Dropbox, IDrive, SkyDrive, and Google Drive

I have tried Dropbox, iDrive, SkyDrive, and Google Drive.  I was checking out file syncing.  So this what I found out.  I have a Windows desktop computer, a Windows laptop computer, and an Android mobile phone.

Dropbox, SkyDrive, and Google Drive

On the desktop side, these services pretty much do the same thing.  They create shared folders on your desktop.  You copy files to these folders and these services will upload the files on to their servers. Once uploaded, the files can be available for your phones.

What they don’t do is automatically download the files to your phones when the files have been uploaded to the servers.  On their phone apps, you have to manually download the files to your phone. This makes sense. If you want to share say 2.5GB worth of data, that would incur 2.5GB of data usage for your phone.  If there was automatic downloading, unless you have an unlimited data plan, such a download would be costly.

On the phone side, you can open the file straight from the phone app. You don’t have to look for the files in the phone file system. Let’s say you downloaded a music file to your phone. You can open the file straight from inside the app.

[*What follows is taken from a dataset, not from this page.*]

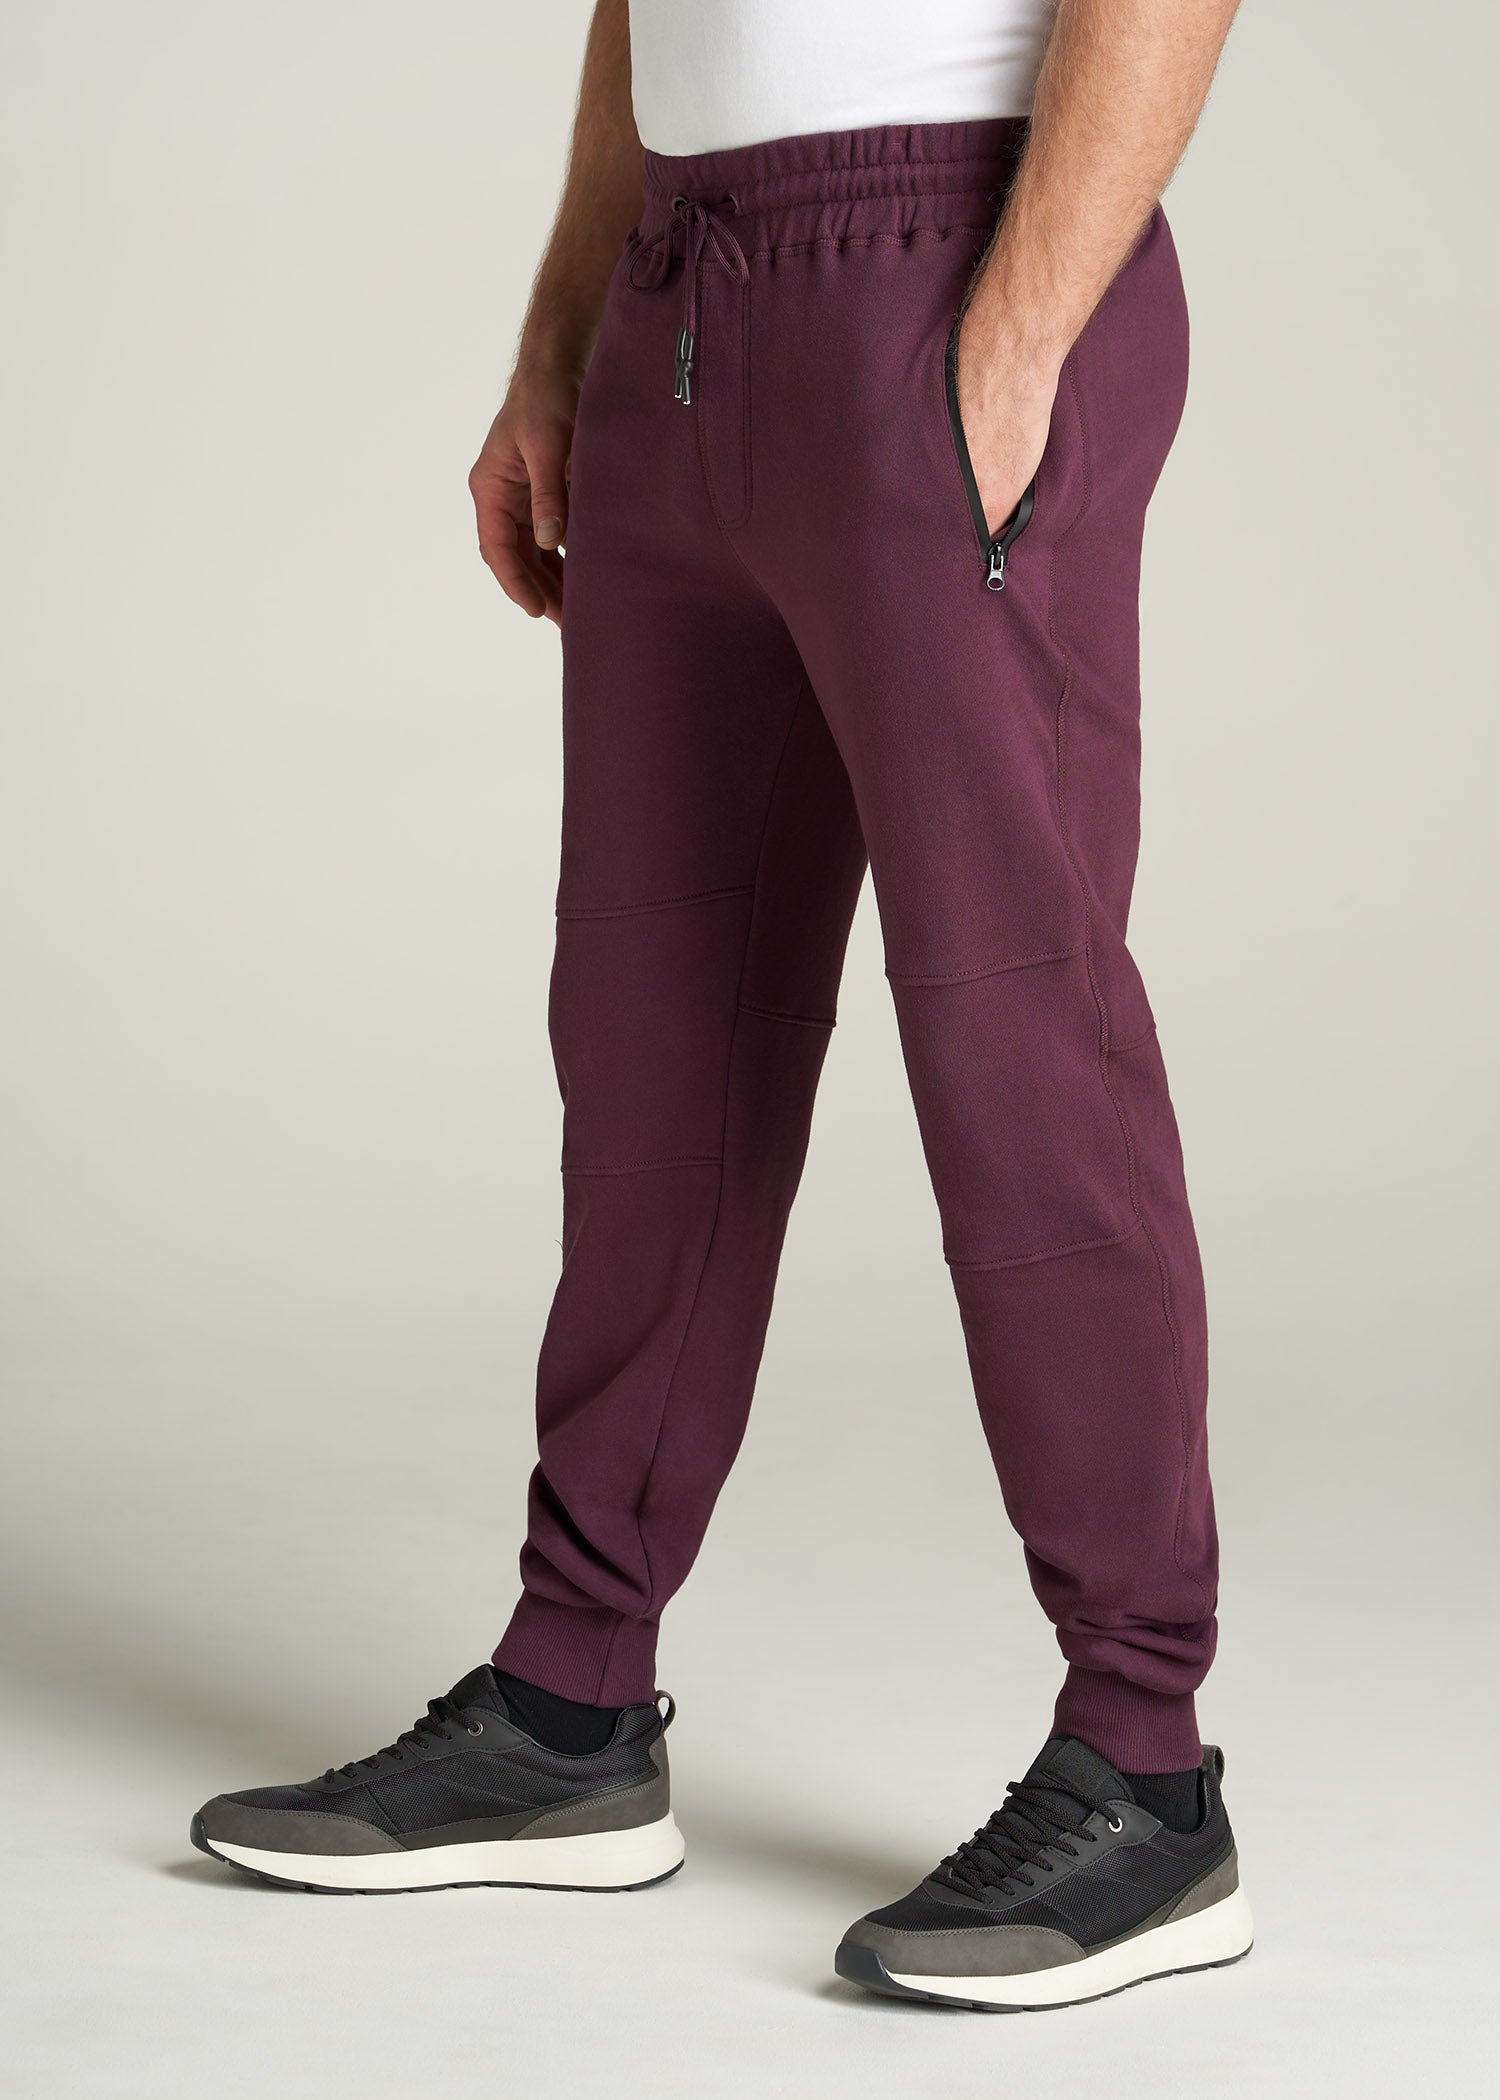 Wearever French Terry Men's Tall Joggers in Maroon

One concern is what happens when your phone is out-of-network. Just because the phone app sees what’s on the the server, doesn’t mean that the files will be ready to use when the phone is out-of-network.

Where they differ is amount of free storage space they provide and how their phone apps operate.


IDrive is a different service than the other three. IDrive is a backup service and a file sharing service while the others are just a file sharing service.

IDrive starts out with 5 GB of free storage space. However, if you install the desktop app, install the phone app, follow them on Twitter, and like them on Facebook, you get 2GB more storage space.

One advantage of IDrive is that it can backup important data from your phone such as your contacts, SMS data, photos, video, call logs, calendar, and so so forth.  If you download the app to your phone and open it, click on the Backup button and you get the backup screen. Select the items that you want to backup and press the backup button.  Afterwords, you can schedule a backup, like say everyday.

There are some annoying features however. It posts a lot of notifications on your phone during backup.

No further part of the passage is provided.